Auxiliary tutorial 2: Introduction to Bokeh

(c) 2016 Justin Bois. With the exception of the Drosophila oocyte image, this work is licensed under a Creative Commons Attribution License CC-BY 4.0. The oocyte image was acquired by Alex Webster and may not be distributed. All code contained herein is licensed under an MIT license.

This tutorial was generated from an Jupyter notebook. You can download the notebook here.

In [3]:
import numpy as np
import pandas as pd

import skimage
import skimage.io

# Use IPython widgets for interacting
import ipywidgets

# Import Bokeh modules for interactive plotting
import bokeh.charts
import bokeh.charts.utils
import bokeh.io
import bokeh.models
import bokeh.palettes
import bokeh.plotting

# Display graphics in this notebook
bokeh.io.output_notebook()
Loading BokehJS ...

In this tutorial, we will explore browser-based interactive plotting using Bokeh. It is important that you are using the latest version of Bokeh, v. 0.12.2. After importing, verify that this is the case.

In [4]:
bokeh.__version__
Out[4]:
'0.12.2'

If we do not have the most recent version, you can update it:

conda update bokeh


Why is it so important to use the most recent version? Bokeh is currently in very active development. It is certainly not feature-full yet, and there are lots and lots of features slated to be added.

For browser-based interactive data visualization, D3.js is the most widely used and feature-full. However, it is a lower level package, and requires writing JavaScript. Bokeh, like Shiny(http://shiny.rstudio.com) for R, and others, is an attempt to bring the type of functionality D3 offers, using high level languages like Python. In other words, the goal is that you can achieve browser-based interactive data visualizations with few lines of code.

Datashader is a great add-on on top of Bokeh that enables visualization of very large data sets.

Why browser-based interactive data visualization?

I think the interactive part is easy to answer. The more you can interact with your data, particularly during the exploratory phase of data analysis, the more you can learn. When doing exploratory data analysis, we typically make lots and lots of plots to see patterns. If we can expedite this process, we can be more efficient and effective in our analysis.

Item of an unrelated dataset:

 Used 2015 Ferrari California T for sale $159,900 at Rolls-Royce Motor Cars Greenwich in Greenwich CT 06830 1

Why browser-based? There are two simple answers to this. First, everyone has one, and they are relatively standardized. This makes your graphics very portable. Second, there are lots of tools for efficiently rendering graphics in browsers. Bokeh uses HTML5 canvas elements to accomplish this. These tools are mature and stable, thereby making backend rendering of the graphics easy.

Data for this tutorial

We will use the tidy DataFrames from the first couple weeks of class as we explore Bokeh's features and do some interactive visualizations. So, let's load in the DataFrames now.

In [5]:
# The frog data from tutorial 1a
df_frog = pd.read_csv('../data/frog_tongue_adhesion.csv', comment='#')

# The MT catastrophe data
df_mt = pd.read_csv(
    '../data/gardner_et_al_2011_time_to_catastrophe_dic.csv',
    comment='#')

# These were generated in tutorial 2a
df_fish = pd.read_csv('../data/130315_10_minute_intervals.csv')

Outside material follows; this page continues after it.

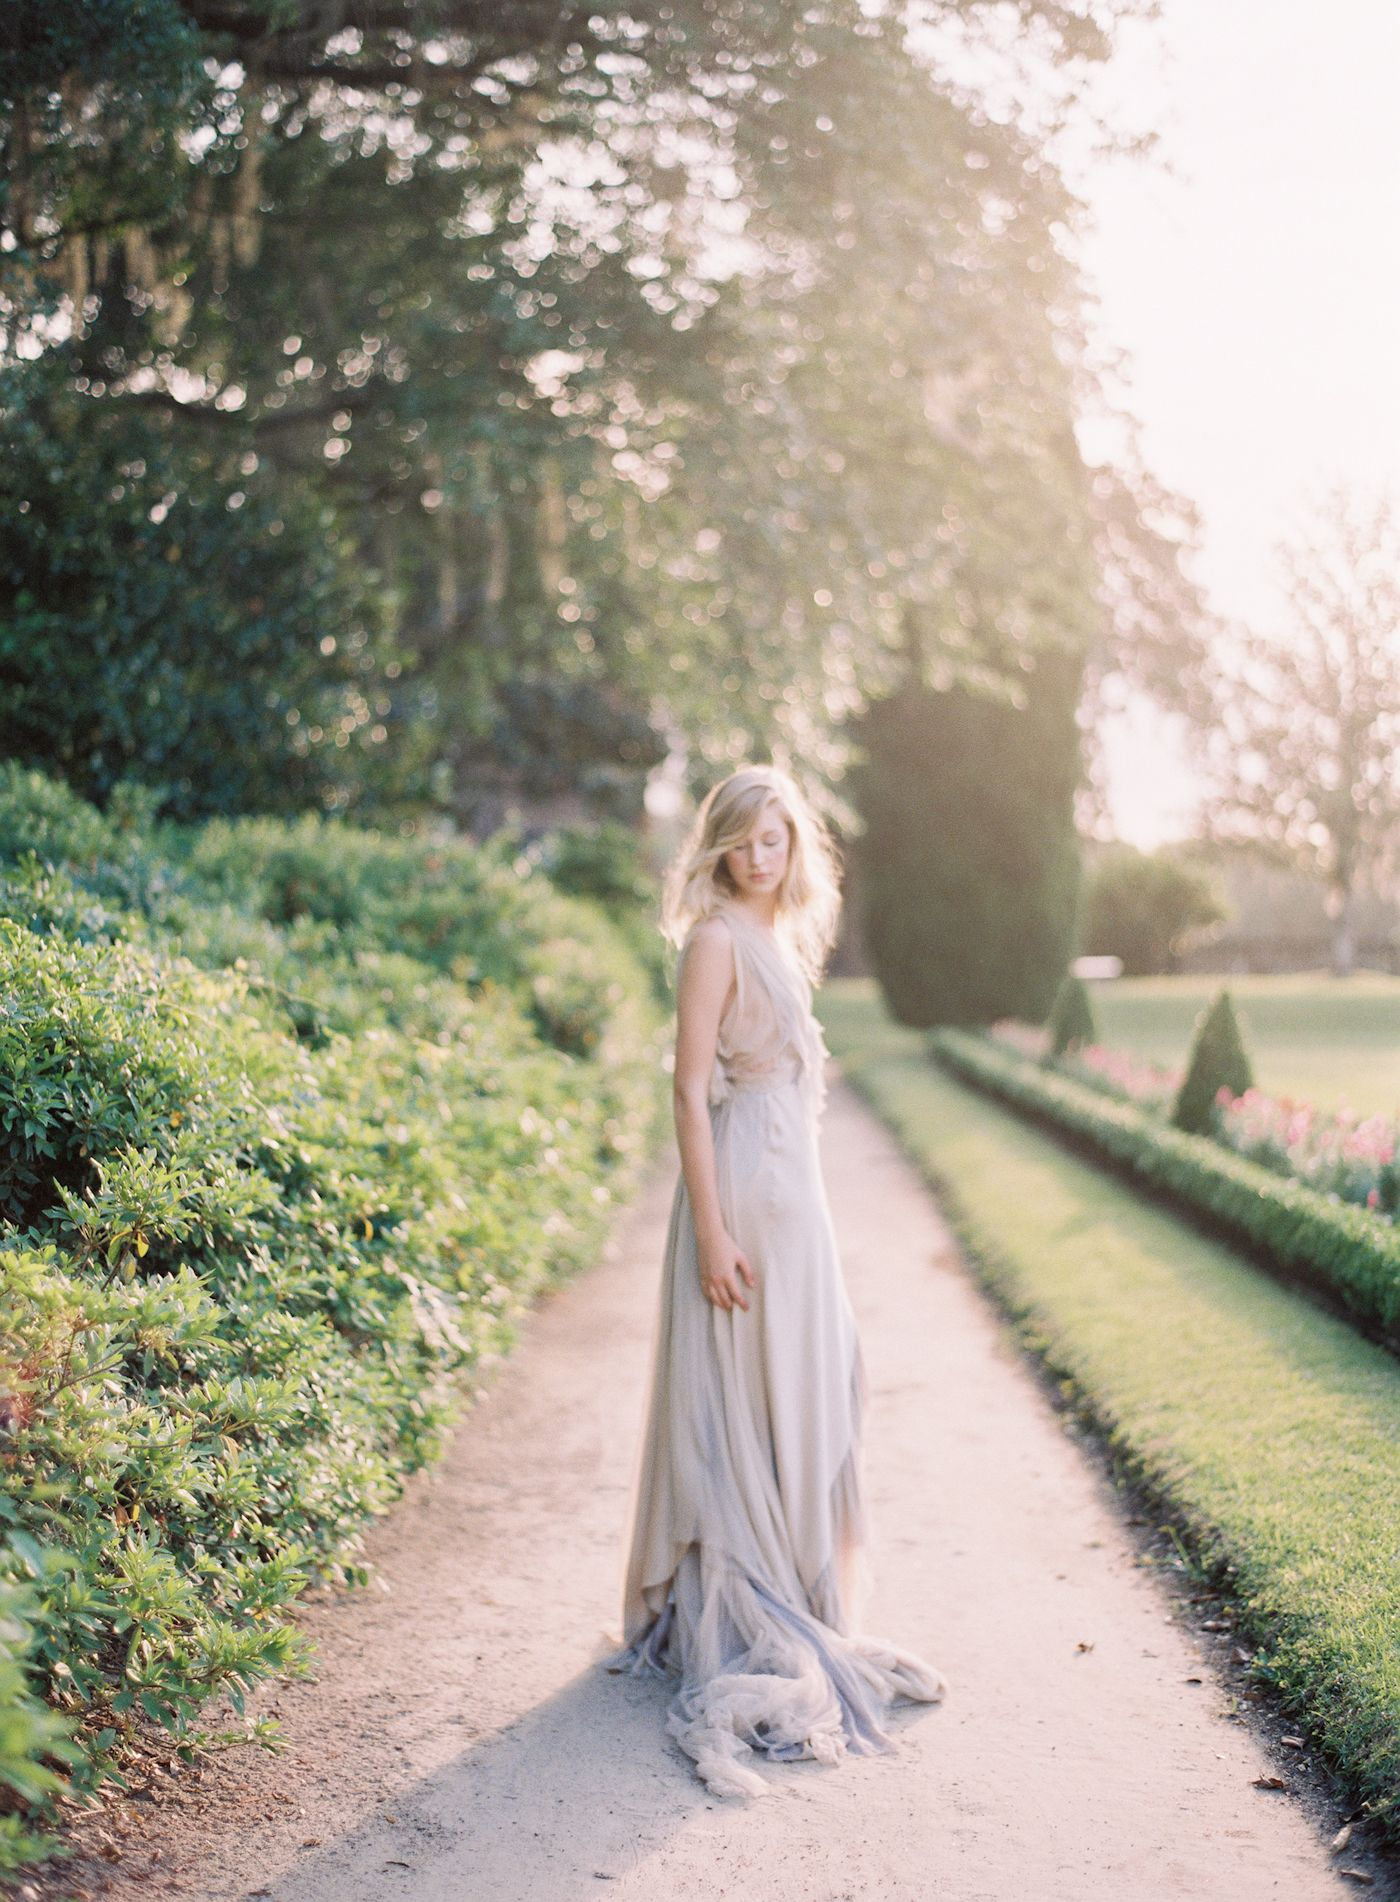 Forage Fern Wedding Photography Inspiration Film Wedding Photography Bride

Before moving on, we'll go ahead and tidy the MT catastrophe DataFrame.

In [6]:
# Tidy MT_catastrophe DataFrame
df_mt.columns = ['labeled', 'unlabeled']
df_mt = pd.melt(df_mt, var_name='fluor', value_name='tau').dropna()

High-level charts

Perhaps the easiest way to get started with Bokeh is to use its high-level charts. These allow for rapid plotting of data coming from Pandas DataFrames, much like the plotting utilities in Pandas itself.

Line plot

We'll start with a simple line plot of zebrafish sleep data.

In [7]:
# Pull out fish record
df_fish2 = df_fish[df_fish['fish']==2]

# Use Bokeh chart to make plot
p = bokeh.charts.Line(df_fish2, x='zeit', y='activity', height=300, 
                      color='dodgerblue')

# Display it
bokeh.io.show(p)

There are many things to note here. First, and most obviously, you can play with the various tools. You can select the tools in the upper right corner of the plot. Hovering over an icon will reveal what the tool does.

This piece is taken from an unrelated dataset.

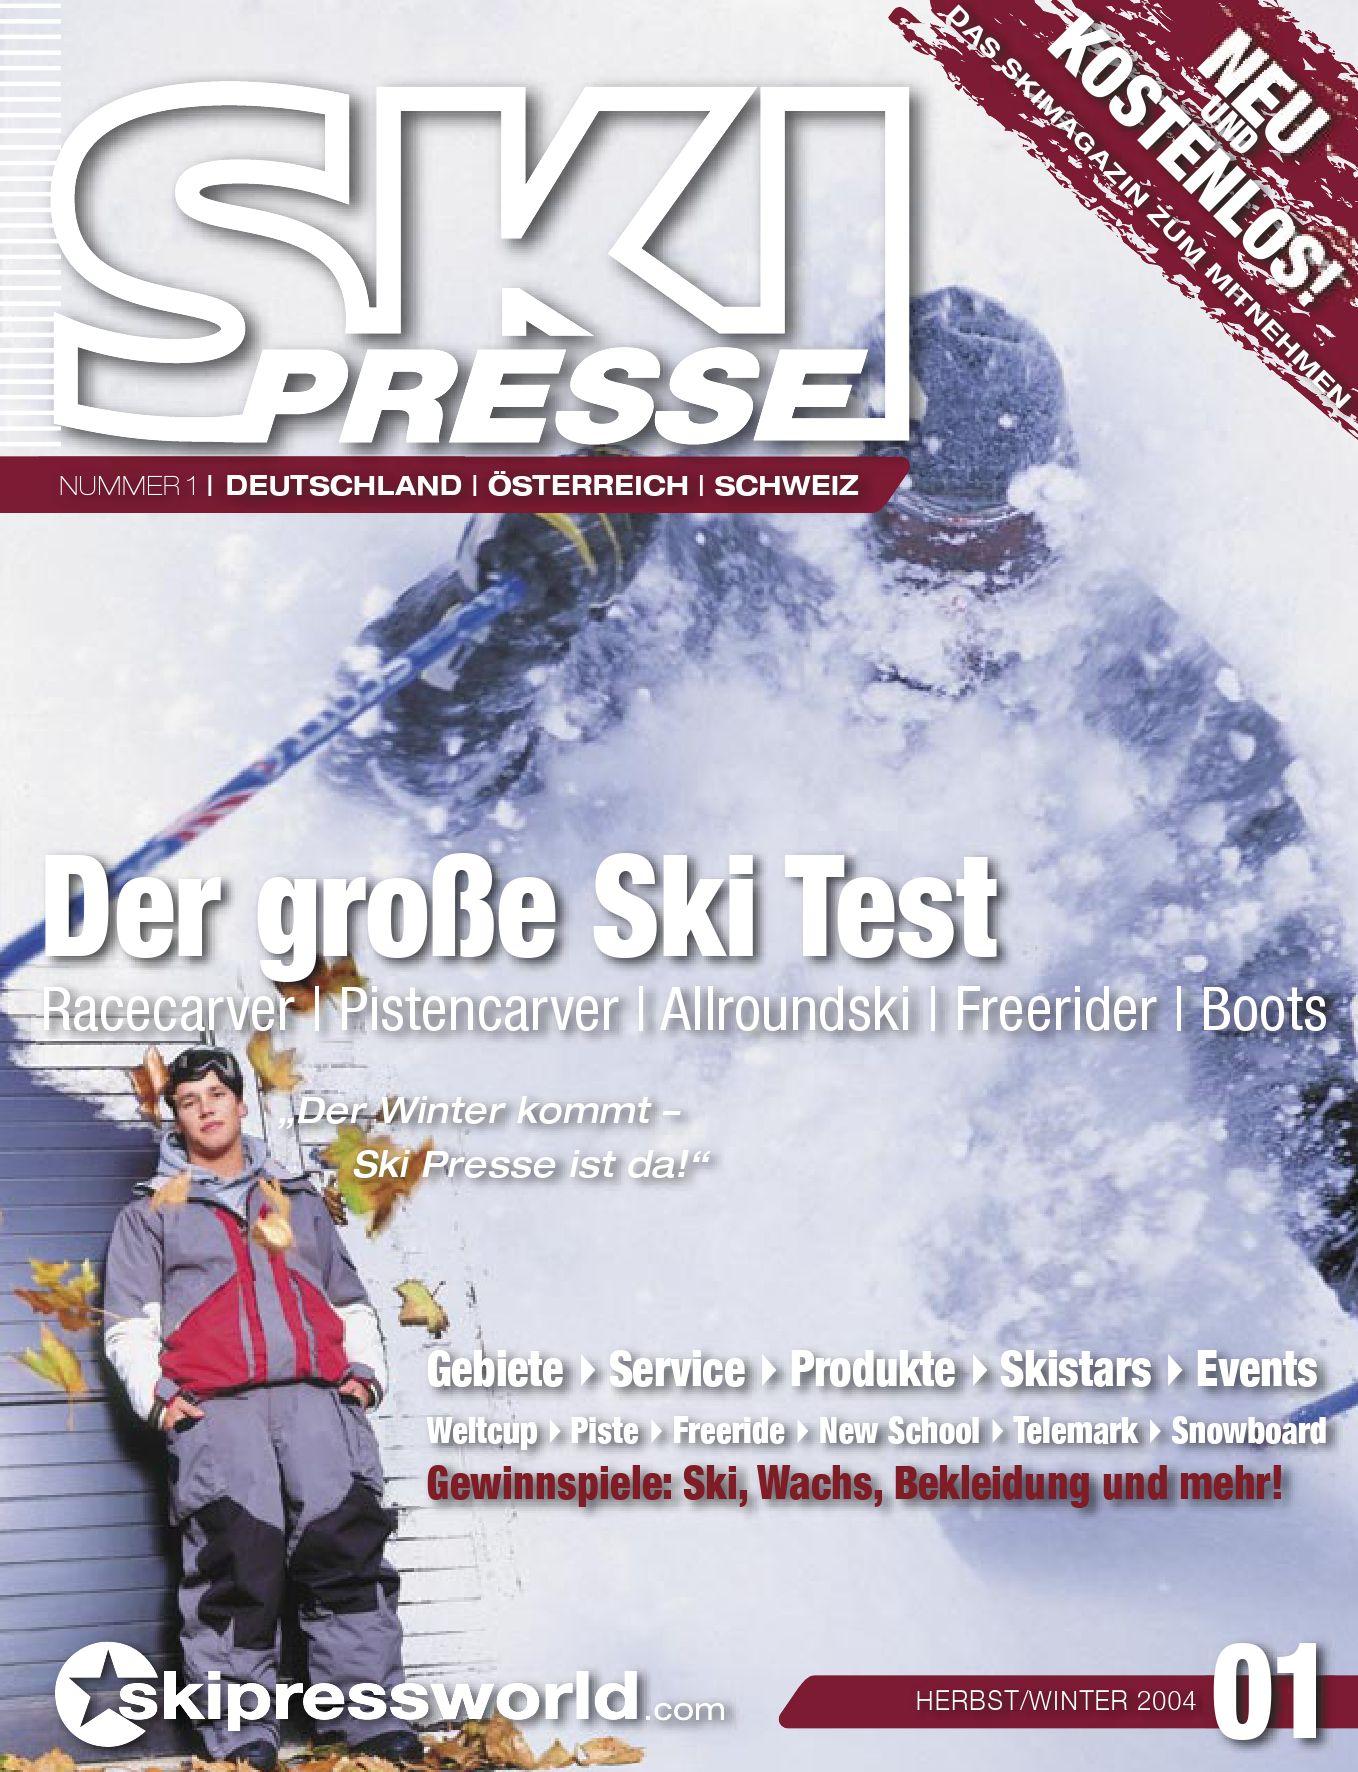 SkiPresse Nr. 1 by die denkbar Wolfgang Greiner issuu

When we instantiate the bokeh.charts.Line object, we plot is returned, which we assigned to variable p. We can further modify/add attributes to this object. Importantly, the bokher.io.show() function displays the object. We have specified that the graphics will be shown in the current notebook with our import statements. We can also export the plot as its own standalone HTML document. We won't do it here, but simply put

bokeh.plotting.output_file('filename.html')

before the bokeh.io.show(p) function call.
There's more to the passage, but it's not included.